2003-03-03  Brian Burton  <brian@burton-computer.com>

	* spamprobe.cc (process_stream): Added train, train-good, and
	  train-spam commands for building database with a minimum number
	  of emails for better performance and less disk usage.

2003-02-28  Brian Burton  <brian@burton-computer.com>

	* MimeMessageReader.cc (readText): Fixed bug that caused rfc822
	  attachments to be treated as text rather than parsed into their
	  own mime parts.  As a result base64 encoded attachments in
	  embedded messages wound up being tokenized rather than decoded
	  or ignored based on their mimetype.

	* spamprobe.cc (main): Added support for combining multiple test
	  cases on the command line.  Added counts command to print out
	  total message counts.

	* SpamFilter.cc: Cleaned up code for computing score to share more
	  code.  Fixed bug that ignored terms with wdf of 1.  Added
	  support for wdf to alt1 scoring method.  CHanged spam threshold of
	  alt1 method.

2003-02-26  Brian Burton  <brian@burton-computer.com>

	* MessageFactory.cc (removeHTMLFromText): Added test for each tag
	  to determine if it should add a space in its place.  Previously
	  text like: j<br>u<br>n would be treated as "jun" instead of "j u
	  n".  Prevents words from being combined if only space tags
	  separated them.

	* configure.in: Added test for mmap.

	* MessageFactory.cc (addWordToMessage): Fixed bug that did not
	  prefix word parts in prefixed headers.

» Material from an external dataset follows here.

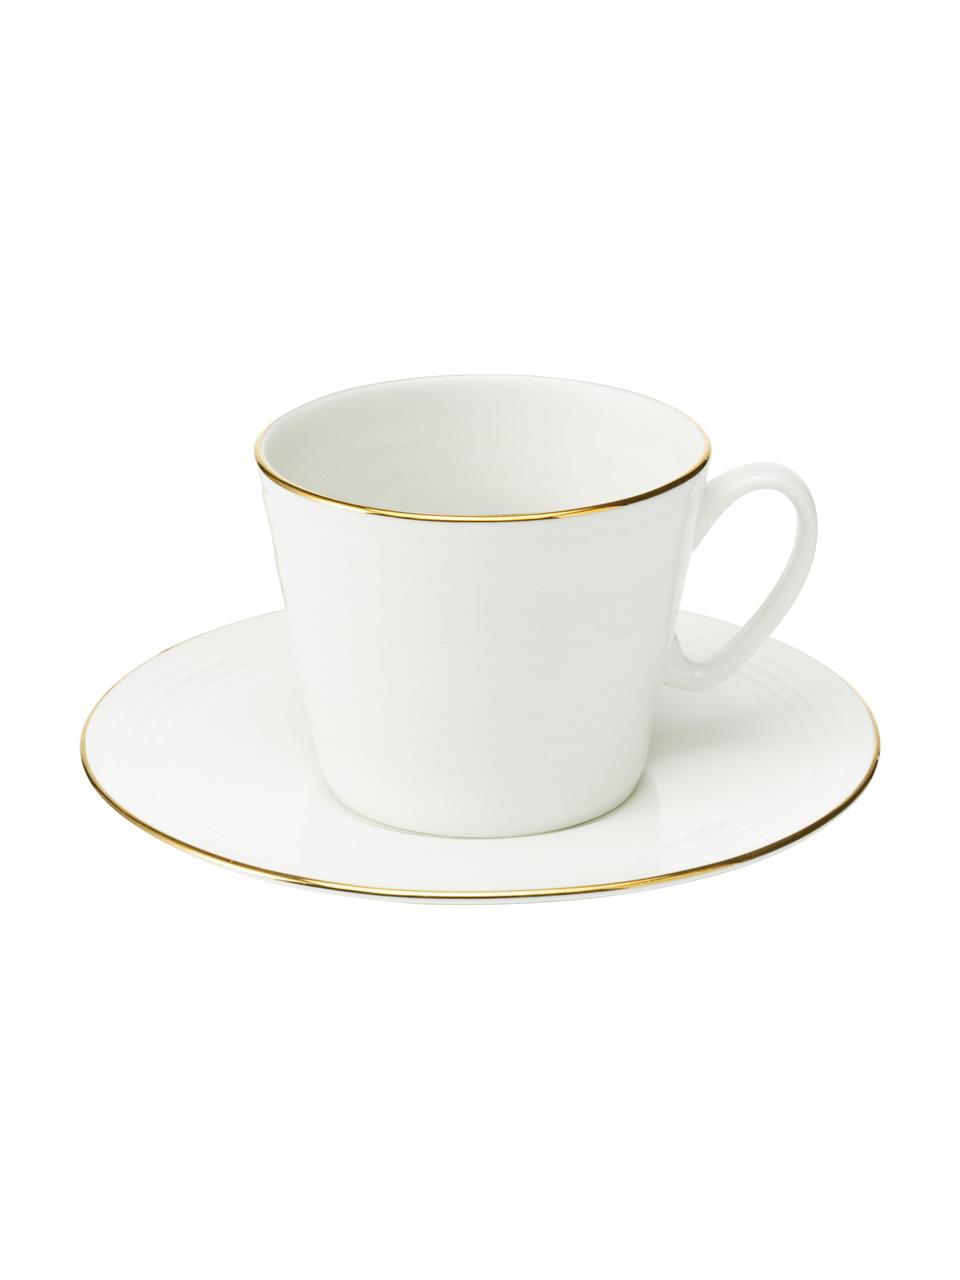 Kaffeetassen Cobald mit goldenem Rand und Rillenrelief, 4 Stück, Porzellan, Weiß, Goldfarben, Ø 9 x H 8 cm

	* spamprobe.cc (main): Added Received header to list of headers
	  stored with a prefix.  First Received header and subsequent ones
	  stored with different prefix to maybe detect falsified received
	  headers.  First Received header should generally be more
	  trustworthy since it comes from your own mail server rather than
	  from the sending mail server or relay.
	  (main): Added From header to list of headers stored with prefix
	  since some spammers seem to use the same from line repeatedly - I
	  guess they think we trust their "brand".

	* MessageFactory.cc (MessageFactory): Changed minimum word length
	  to 1.

	* README.txt: Updated readme for -P option.

	* spamprobe.1 (Content-Length): updated manpage for -P option.

	* spamprobe.cc (main): Added -P command line option to automatically
	  purge terms with total count <= 4 after specified number of messages.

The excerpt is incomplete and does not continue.